What: Information Architecture
Information Architecture describes the overall conceptual models and general designs to plan, structure, and assemble a website. Information architects, technical designers, user interface constructors, and graphic designers must collaborate to research, plan, and design readable, understandable, and accessible information architecture. This requires the basic planning and modeling of a site before actual HTML and CSS construction begins. Similar to when building a house or skyscraper, by planning before constructing a designer can create functional systems for the building; a web designer plans ahead for titles, navigation, page layout, and content.
The five basic steps to organizing information on a website begin with making and inventory of content. Next, a designer must establish a hierarchy of this information and create an outline of the site. With an outline, a designer may chunk information and group it into a logical structure. Diagrams and rough drawings of the site are then created to organize each page. Lastly, a website must be tested and revised to ensure that it is both functional and understandable.
There are three perspectives and techniques used by information architects to design a website: site-view, page-view, and user-view.
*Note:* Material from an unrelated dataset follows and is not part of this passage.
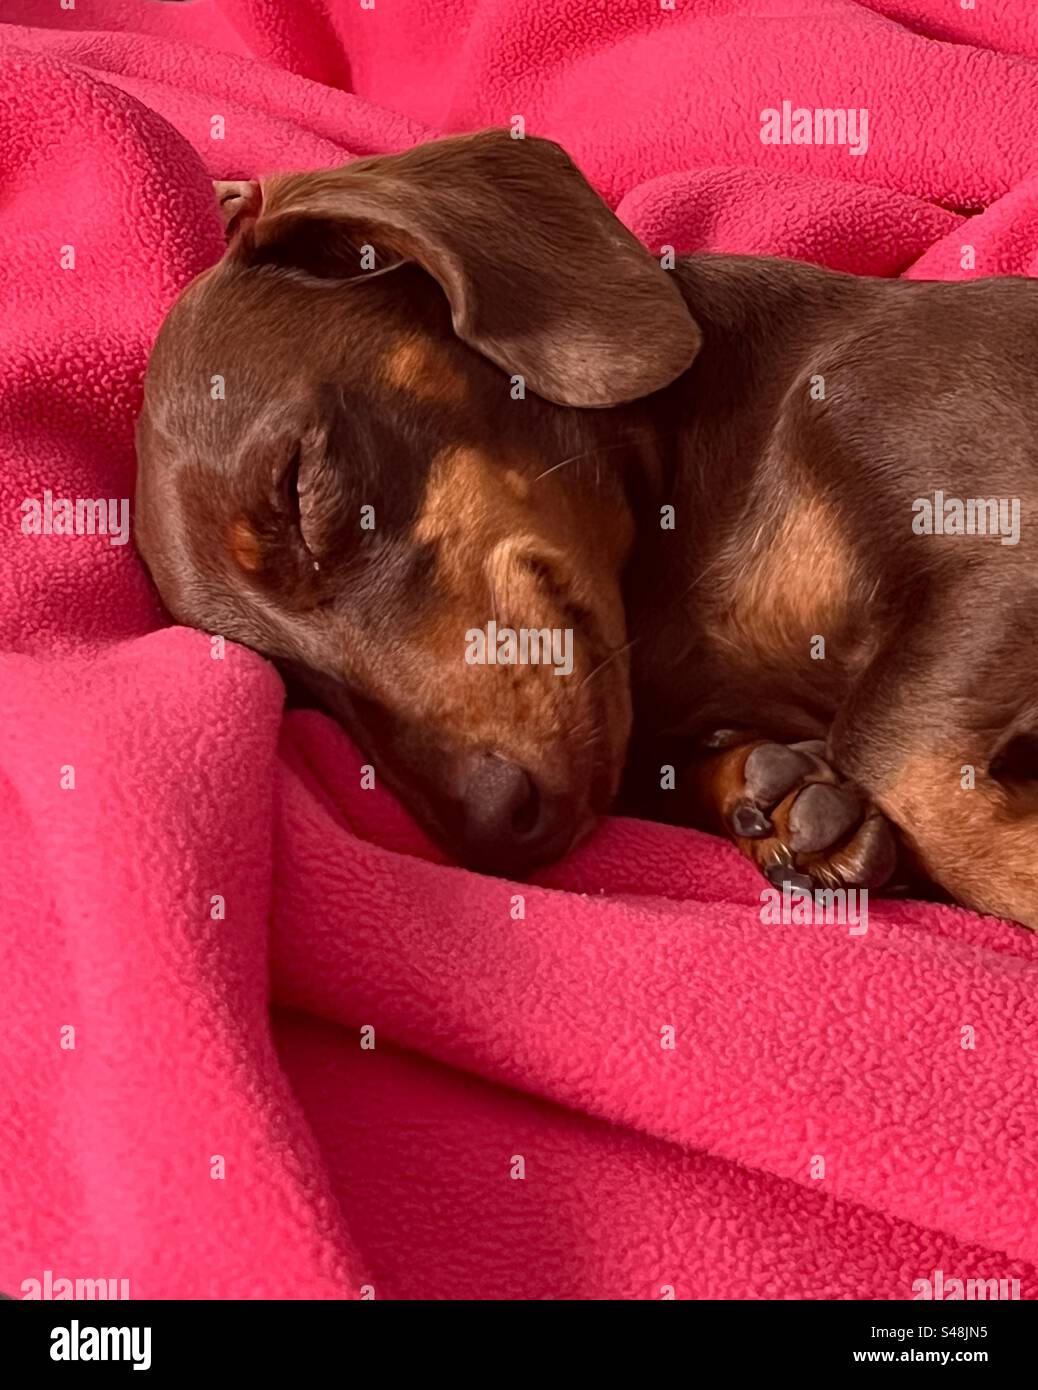 Sleeping miniature dachshund head and front paws on bright pink blanket Stock Photo

Site-view is based on sitemapping, organization, and grouping information through hierarchies. Page-view is wireframing, designing a site through storyboards and basic, unadorned page models. User-view is a technique that maps out all the pages of the site, all working together.
Why: Information Architecture
Information architecture is important to web design because it organizes and controls the data of a site. By creating a functional and logical hierarchy of information within a site, a designer aids a user's ability to search, navigate, locate, and understand the information desired. This design includes fundamental design of a page, placing the content, navigation, titles, and all other aspects of a web page in understandable ways, such as content and interface elements in commonly accepted places of a page. By planning before constructing and designing, a site will contain a hierarchy of information, clear and concise navigation, titles and logos identifying a page, links that move smoothly from page to page without confusing a viewer, and a clear cooperation between information architects, designers, and interface constructors; it will be a thought out, well-constructed website.